** Opening SUPPLIED INFORMATION block **

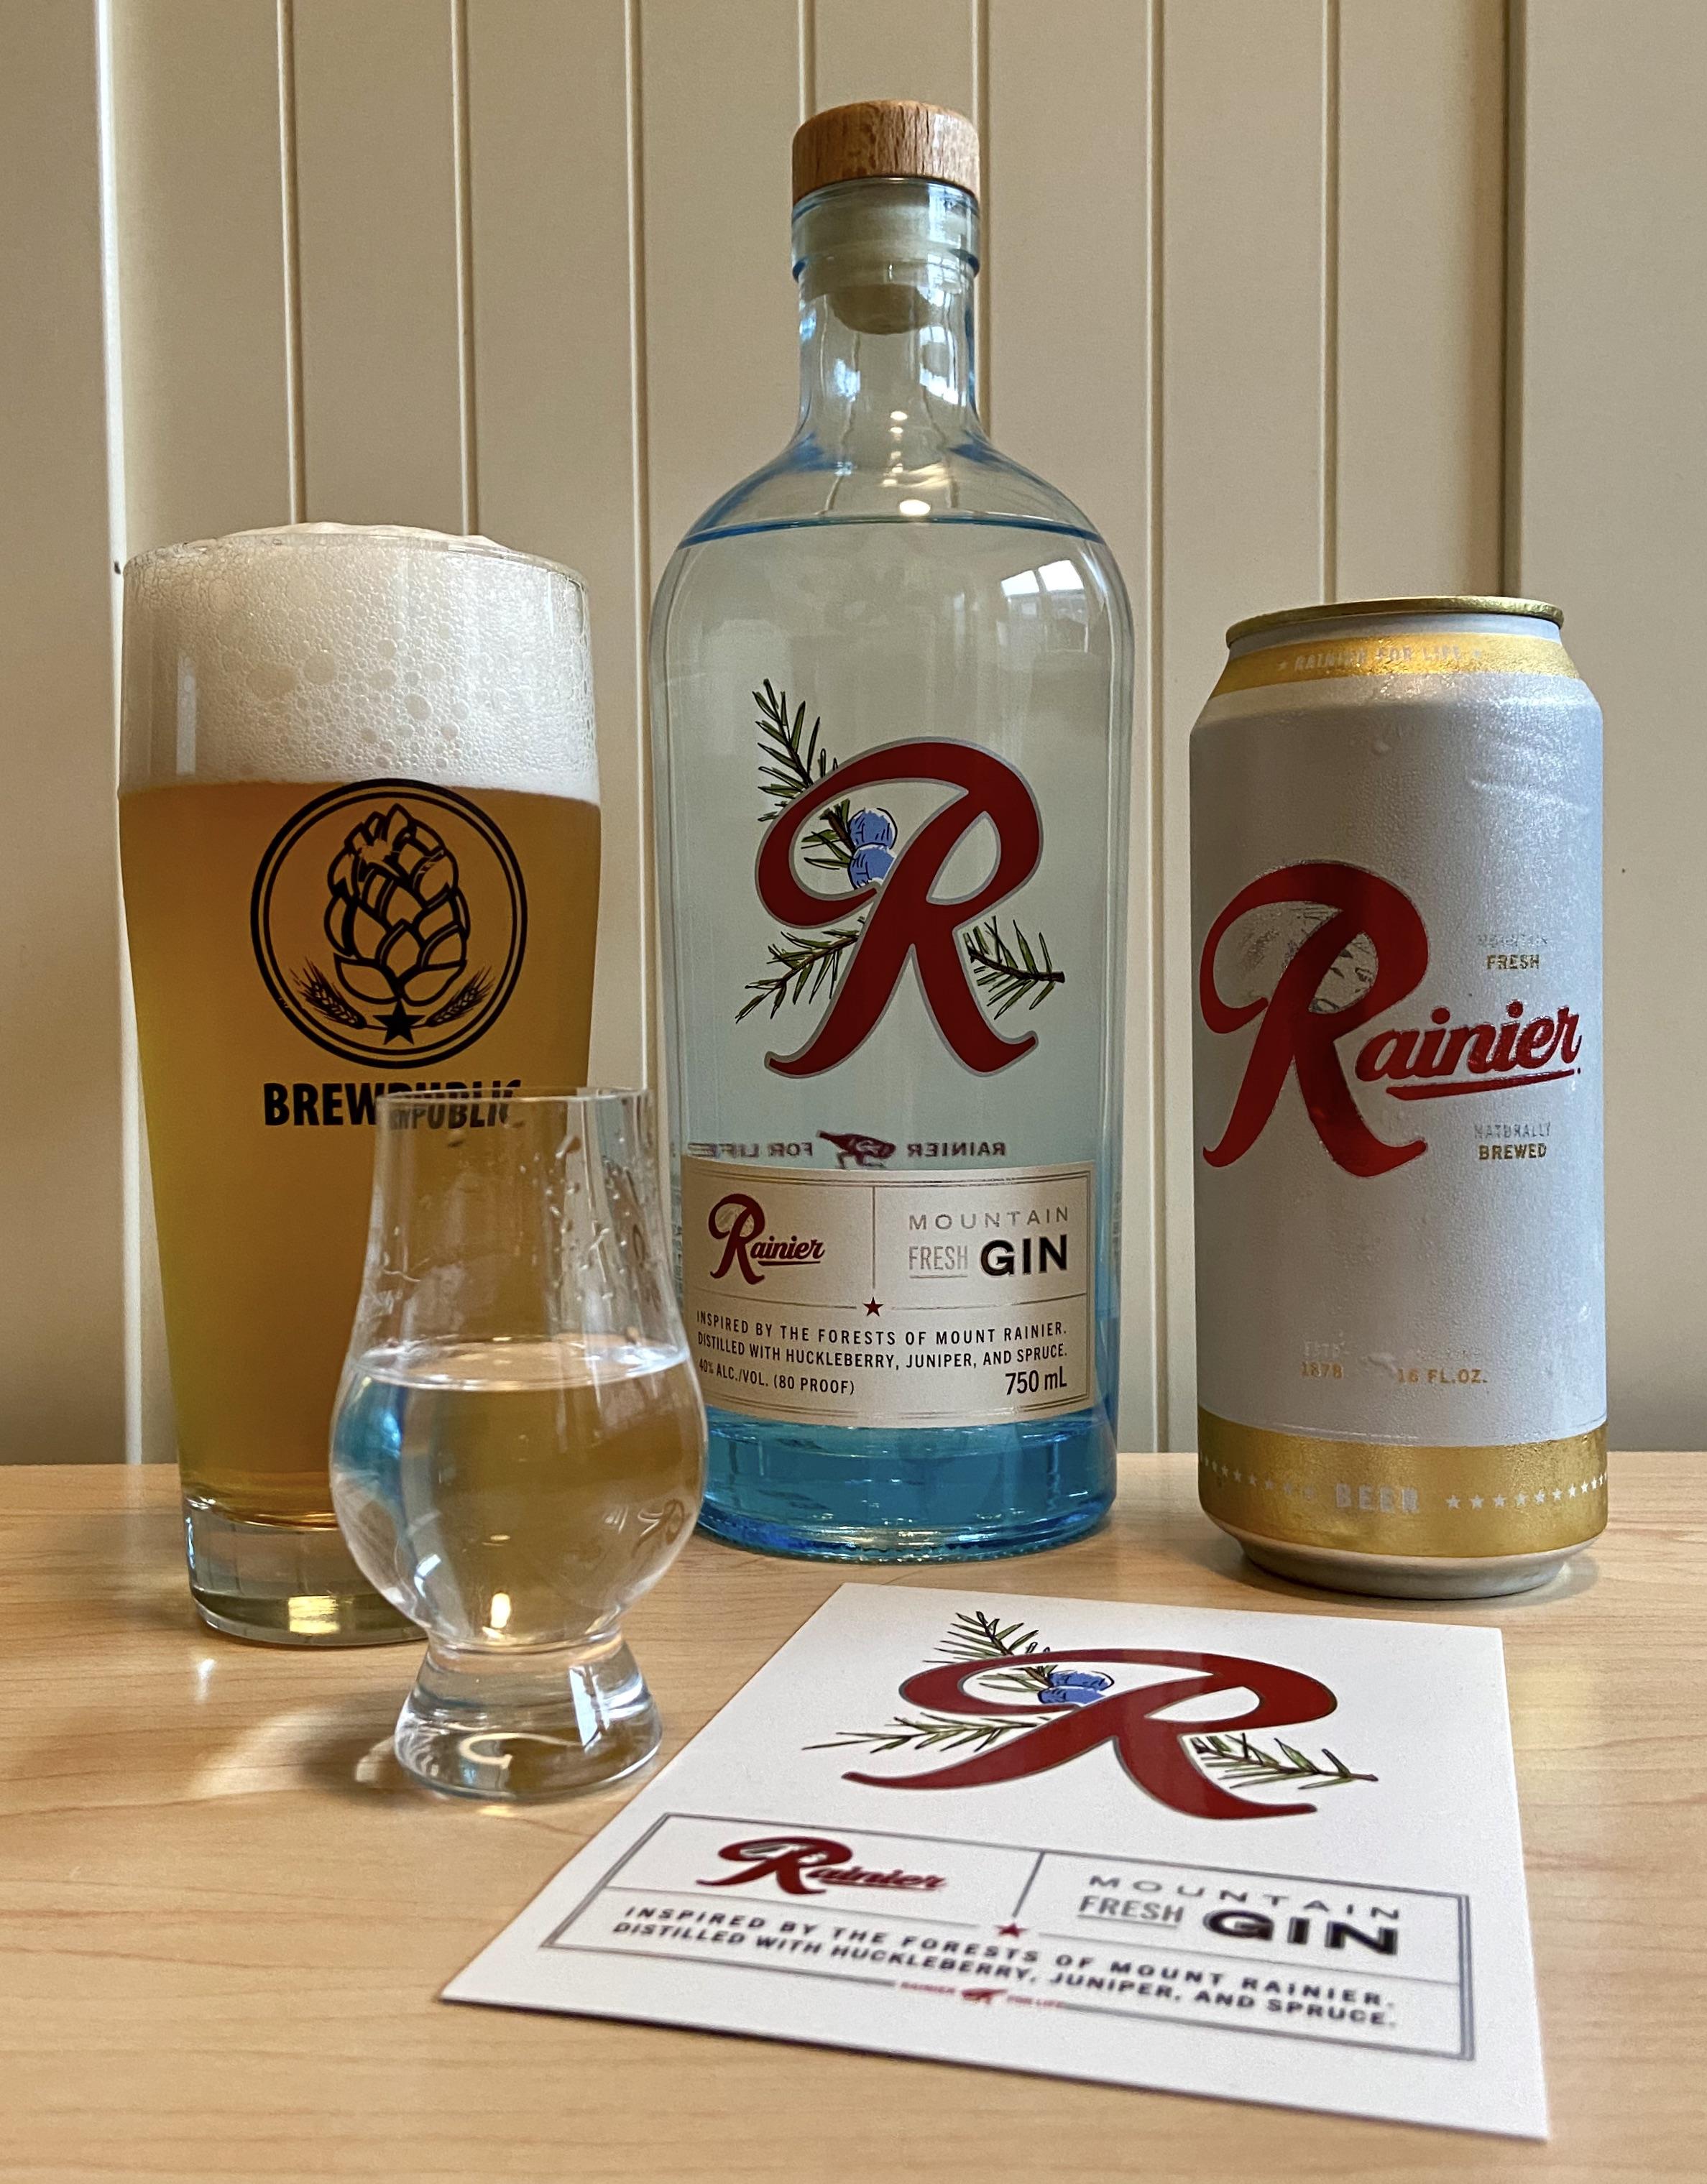 Rainier Mountain Fresh Gin with a Rainier Beer back.
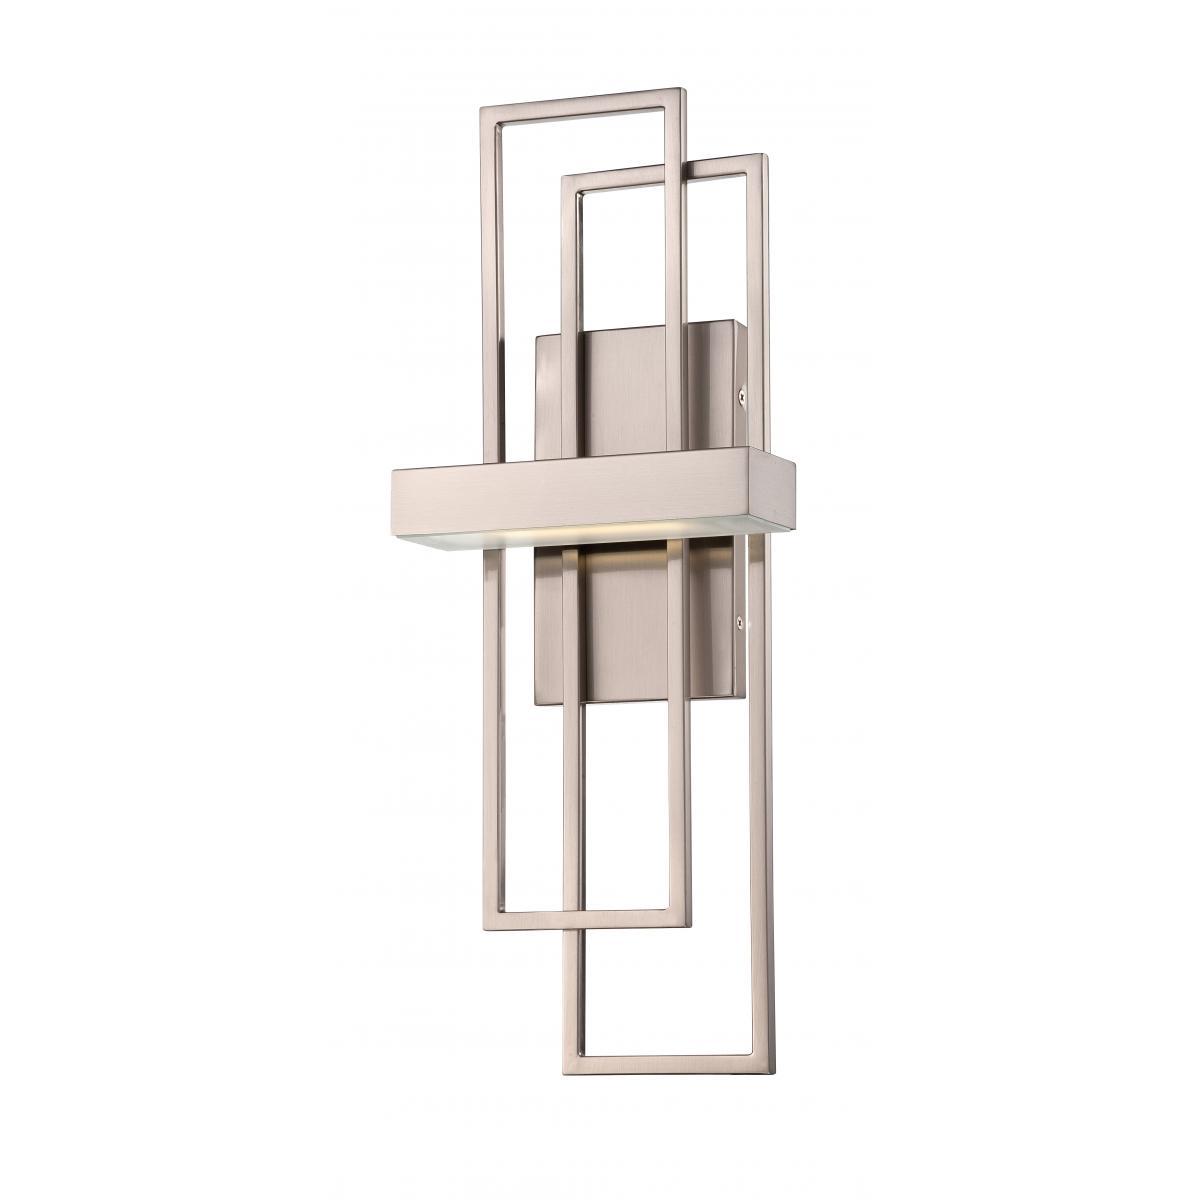 62-105 FRAME LED WALL SCONCE
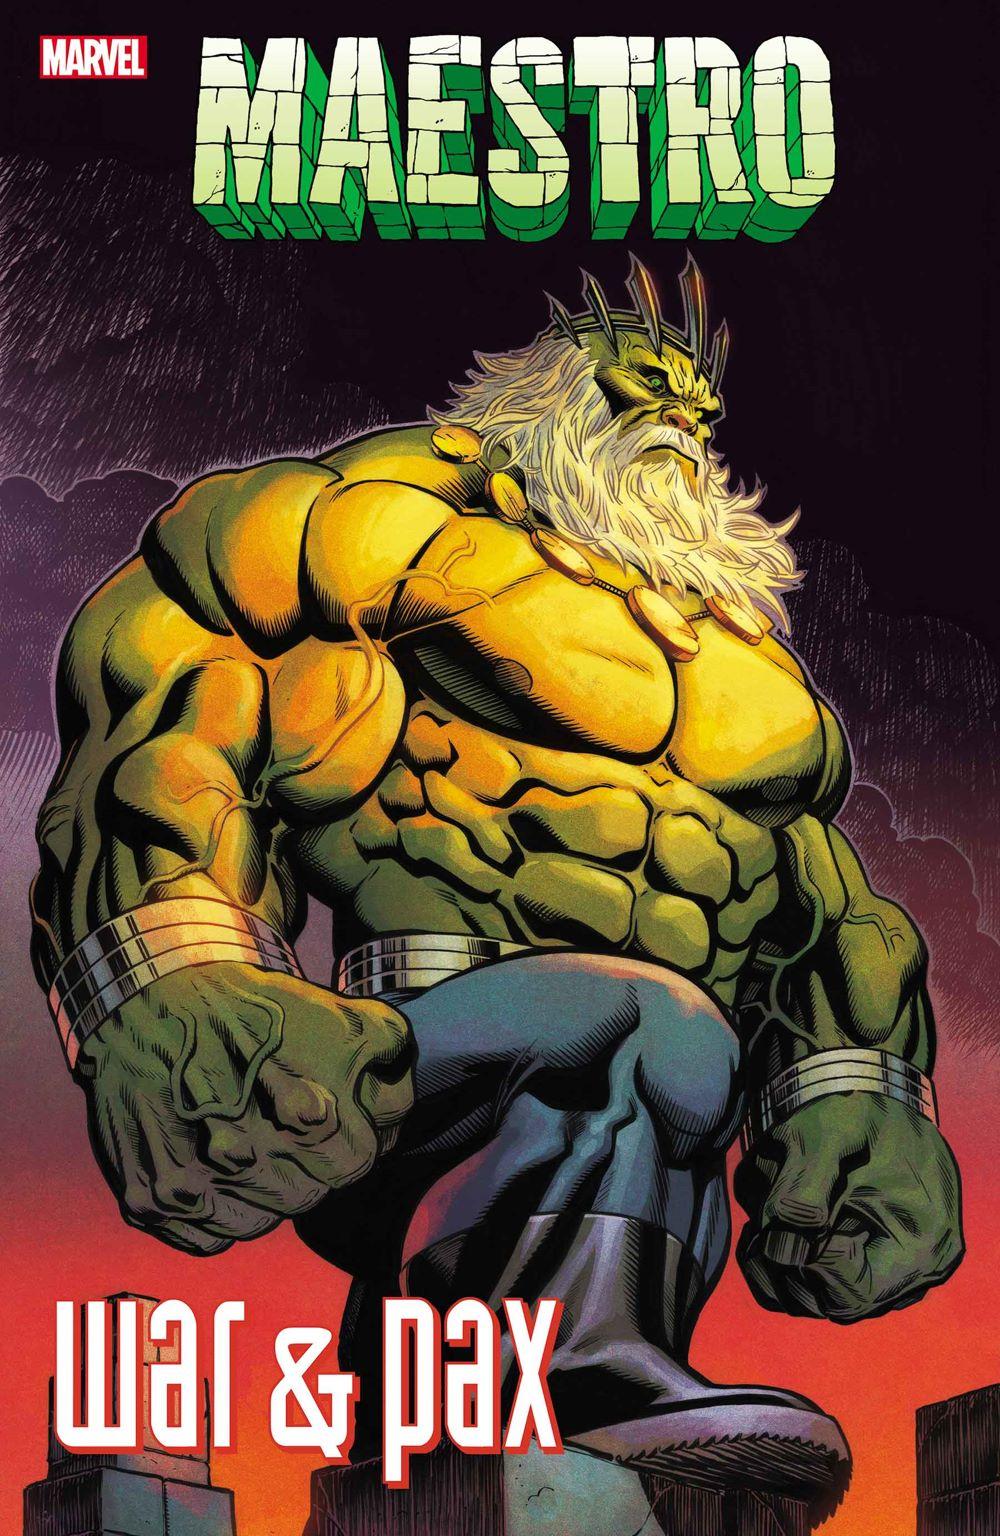 MAESTROWAP2021001_McGuinness Marvel Comics January 2021 Solicitations

** Closing SUPPLIED INFORMATION block **

◆ YOUR GOAL: Leaving images out, please output every line of the data exactly.

◆ ANSWER TO THE PROBLEM:
 Rainier Mountain Fresh Gin with a Rainier Beer back.
 62-105 FRAME LED WALL SCONCE
 MAESTROWAP2021001_McGuinness Marvel Comics January 2021 Solicitations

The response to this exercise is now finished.